▶ **What is being asked**
From the records below, output exactly the lines running from the line containing "Kenwood DPC-77 Owner's Manual" through the line containing "День космонавтики нарисовать", and no others.

[Task input]

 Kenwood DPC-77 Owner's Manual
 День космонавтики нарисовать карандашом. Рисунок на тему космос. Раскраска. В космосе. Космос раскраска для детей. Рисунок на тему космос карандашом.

[/Task input]
[Task input]

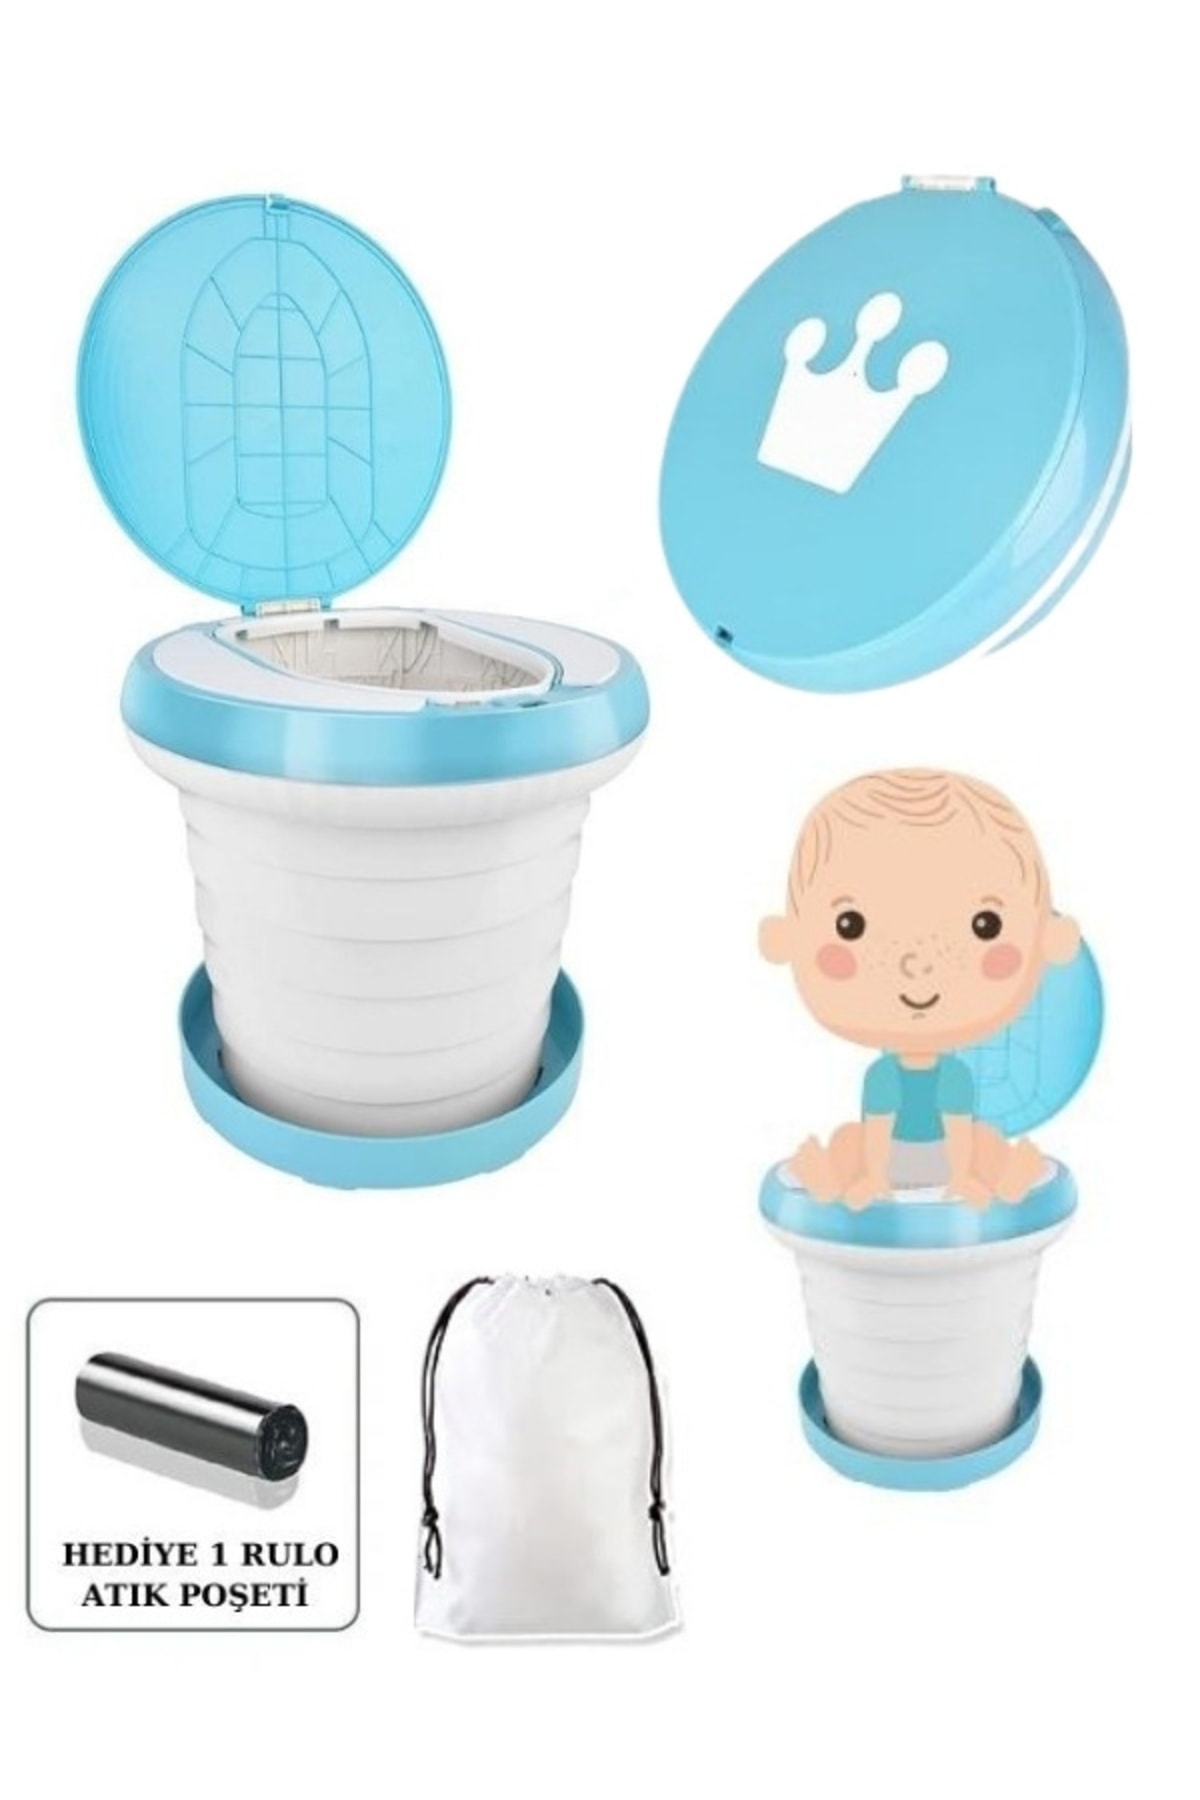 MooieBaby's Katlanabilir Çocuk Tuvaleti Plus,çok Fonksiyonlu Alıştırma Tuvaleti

[/Task input]

▶ **Exercise response**
 Kenwood DPC-77 Owner's Manual
 День космонавтики нарисовать карандашом. Рисунок на тему космос. Раскраска. В космосе. Космос раскраска для детей. Рисунок на тему космос карандашом.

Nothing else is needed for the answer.